Sudden unexpected death is defined as death occurring within 24 hours of onset of symptoms in an previously apparently well individuals. (1) The most common reasons include cardiovascular, respiratory, and infectious etiologies, especially in infants. Central nervous system (CNS) diseases, such as space-occupying lesions, infarction, meningitis, and epilepsy, rarely cause sudden unexpected death in infants. (2) The majority of the deaths due to intracranial mass lesions occur with progression of the disease or complications of the treatment. However, in some cases, intracranial mass is not identified and patients die in a very short time following the diagnosis. (3,4)

We present this case to stress the possibility of intracranial mass in pediatric patients undiagnosed prior to terminal collapse, where the child died suddenly and unexpectedly with an intracranial mass lesion.

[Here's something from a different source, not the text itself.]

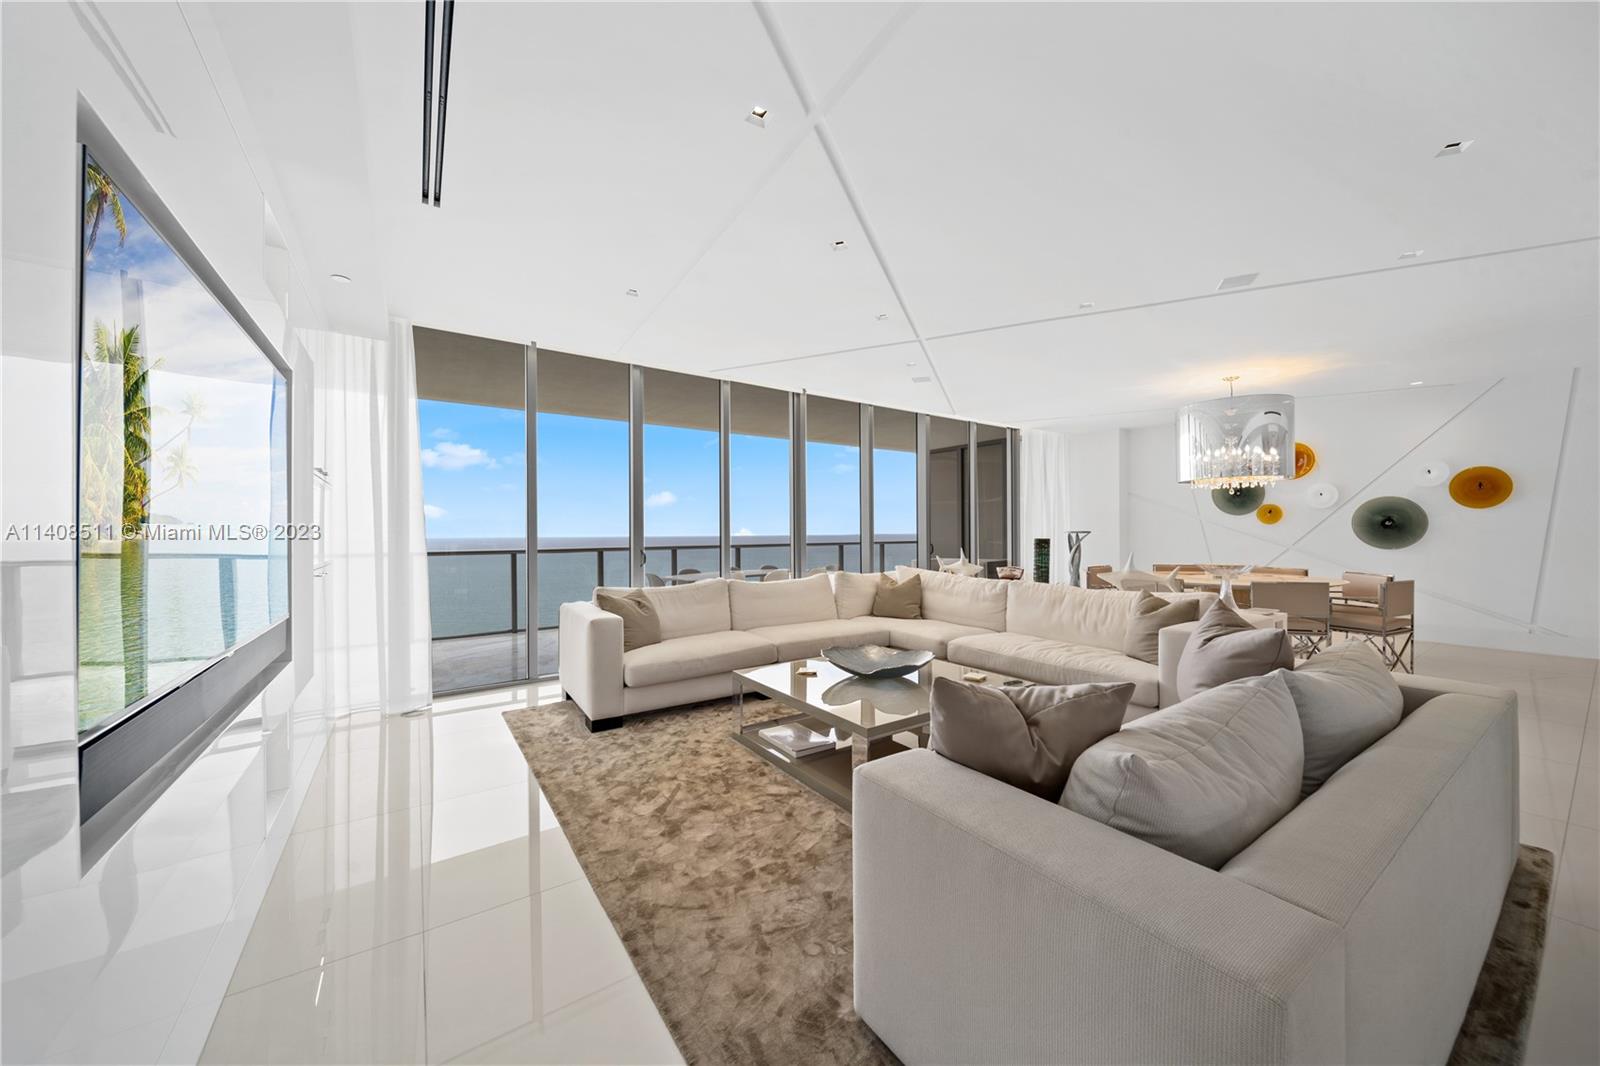 Just reduced! Unique turn-key unit at St. Regis Bal Harbour. True 4 bedroom and 4.5 bath unit, that is rarely available on the market. Designer furnished and decorated with numerous upgrades: automatic blinds and lights in all rooms, new kitchen (not original), many built-ins, surround system and many more. The unit is in great condition, because it was rarely occupied. As an option, this unit can be sold together with a connecting unit (via balcony and elevator corridor) on the same floor right next to it. Great setup for large family (please look at St Regis 2103S MLS #A11408656). Negotiable.
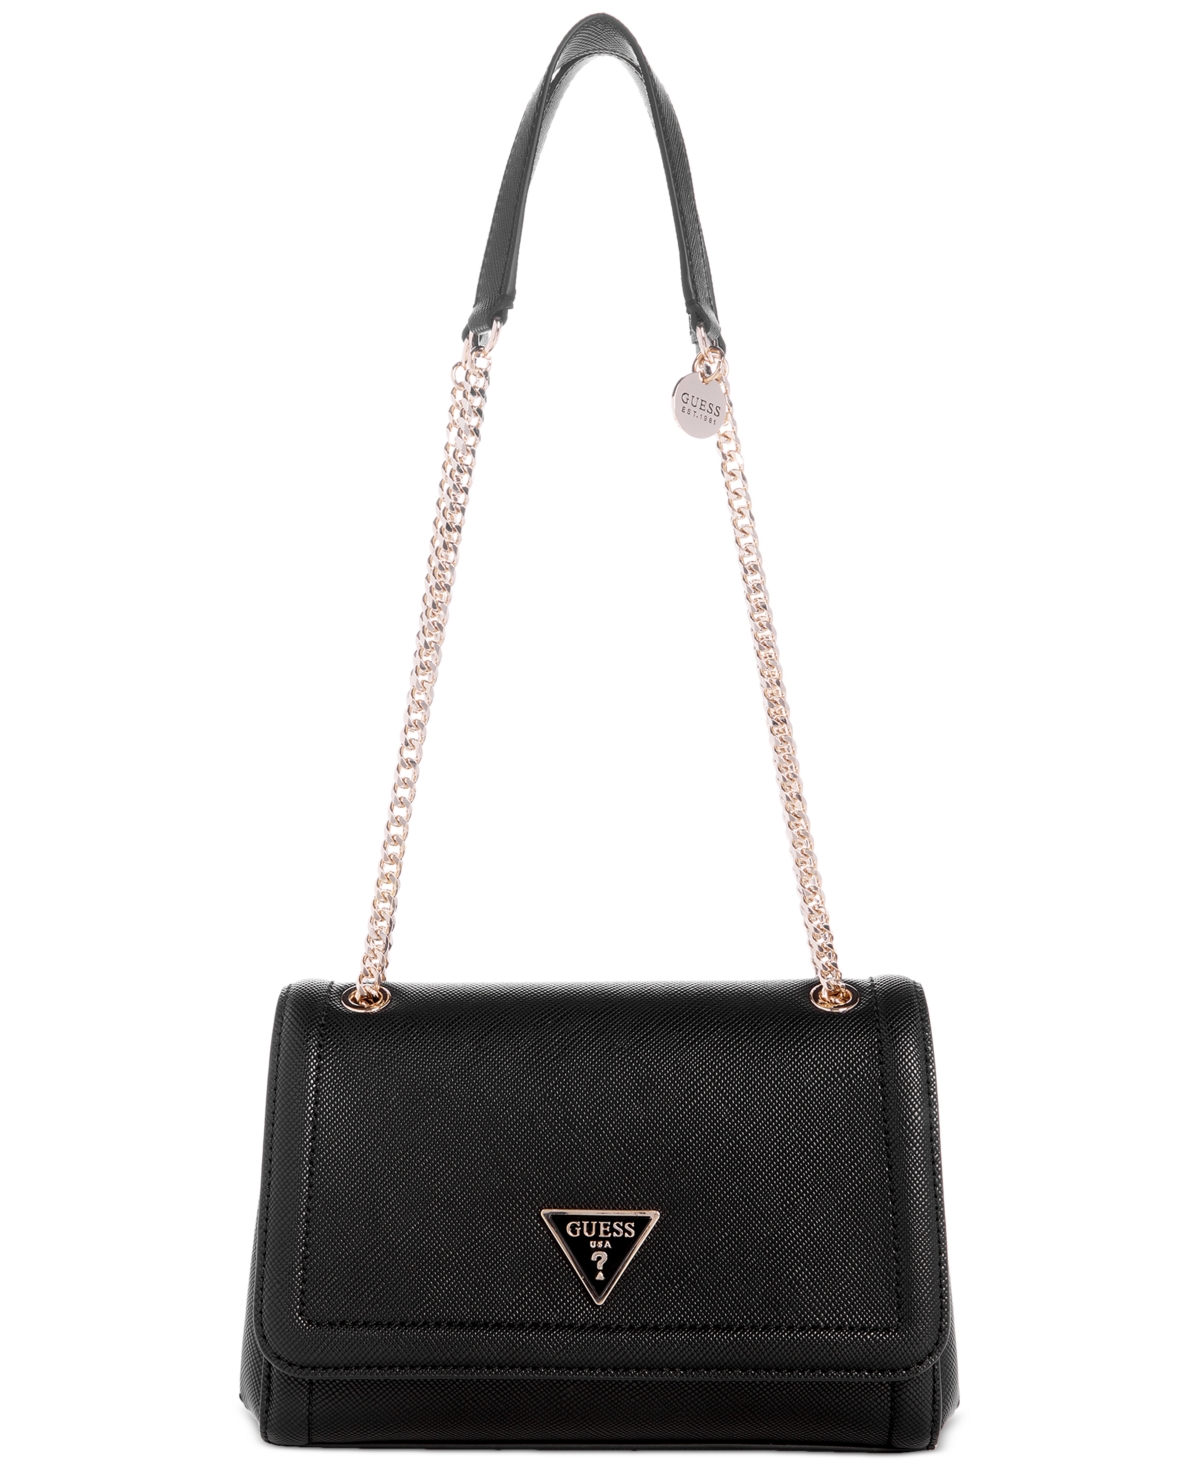 Guess Noelle Small Convertible Crossbody In Black

A previously healthy 15-month-old boy presented to the pediatric emergency department (PED) with nausea and vomiting. He was in his usual state of health until 2 days prior to his presentation where he began to vomit. Reportedly, his vomiting was non-bloody, non-bilious and not projectile and followed by 2 episodes of watery stool. His mother denied fever and respiratory symptoms. He did not have any neurologic symptoms. On the day of presentation, he looked tired and weak which prompted his mother to bring him to PED. Upon arrival, his Glasgow Coma scale (GCS) score was 13, temperature - 36.5 [degrees]C, respiratory rate - 38/minute, heart rate - 130/minute (tachycardia), and blood pressure was 100/60 mm/Hg. The head and neck examination revealed normocephalic and atraumatic head. His pupils were equal, round, and reactive to light. The anterior fontanel was open and flat, there was no bulging. He had sunken eyeballs and dry oral mucosa. No nuchal rigidity was noted. His chest was clear to auscultation bilaterally. His initial neurologic examination was normal. His skin examination did not reveal any rash or hypo/hyperpigmented lesion but he had decreased skin turgor and the capillary refill over three seconds. Other system findings were essentially normal.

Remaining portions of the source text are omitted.